2. Explain how antibody type (chimeric, humanized, subclass specific) influences method selection for clinical therapeutic drug monitoring.
3. Identify key factors that determine appropriate enrichment and detection strategies for quantitating therapeutic monoclonal antibodies using mass spectrometry.
4. Differentiate the advantages and limitations of peptide based versus intact light chain mass spectrometric detection across available instrument platforms (triple quad, orbitrap, TOF, MALDI).
5. Outline a streamlined development pathway for implementing new monoclonal antibody quantitation assays in a clinical laboratory setting.

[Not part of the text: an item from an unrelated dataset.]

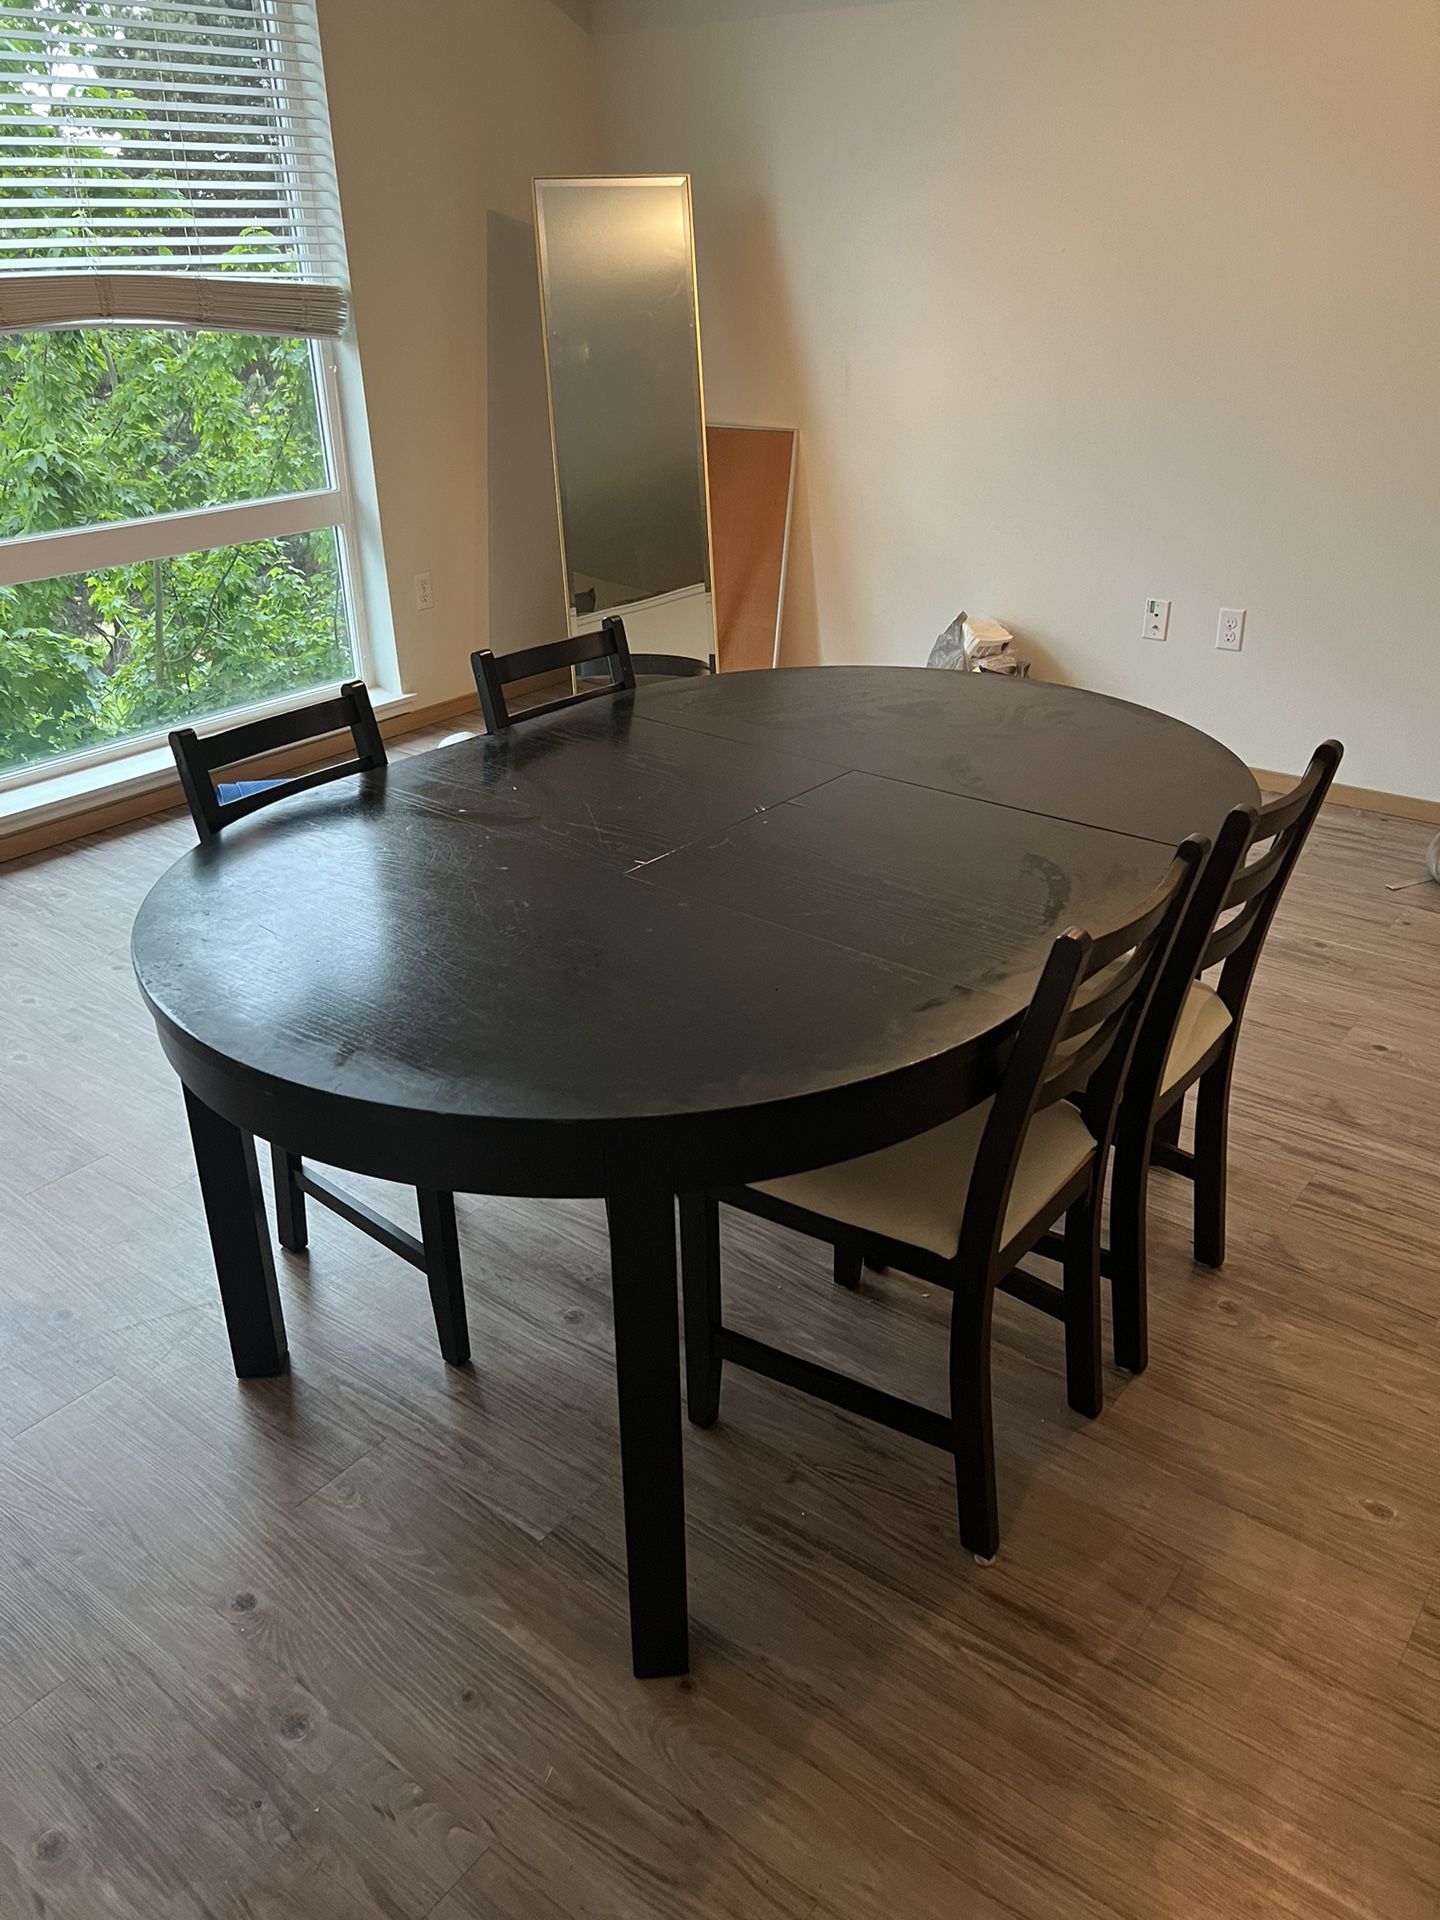 IKEA Bjursta Extendable Round Table with 4 Dining Chairs

Planned publication of a revision of C-62: Liquid Chromatography-Mass Spectrometry Methods by CLSI is set for August of 2026. The third edition of this document includes significant revisions and additions to the best practice guidance for LC-MS in the medical laboratory. This workshop will initiate discussion on the updates, providing attendees with up-to-date information and background on the new recommendations with members of the C62 document committee.

Take home pearls: Attendees will be given constructive information addressing the following features included in the C62-A3 revision:

1.) Updated performance metrics (Signal-to-noise/LoD/LoB/LLMI/ULMI).
2.) Clarification of LC-MS specific constraints to CLSI Evaluation Protocols (EP docs).
3.) Detailed Applications of Ion Ratios (e.g. different modes of acceptable range generation).
4.) Processes of verification of critical reagents.
5.) Quality controls for multiplexed analysis.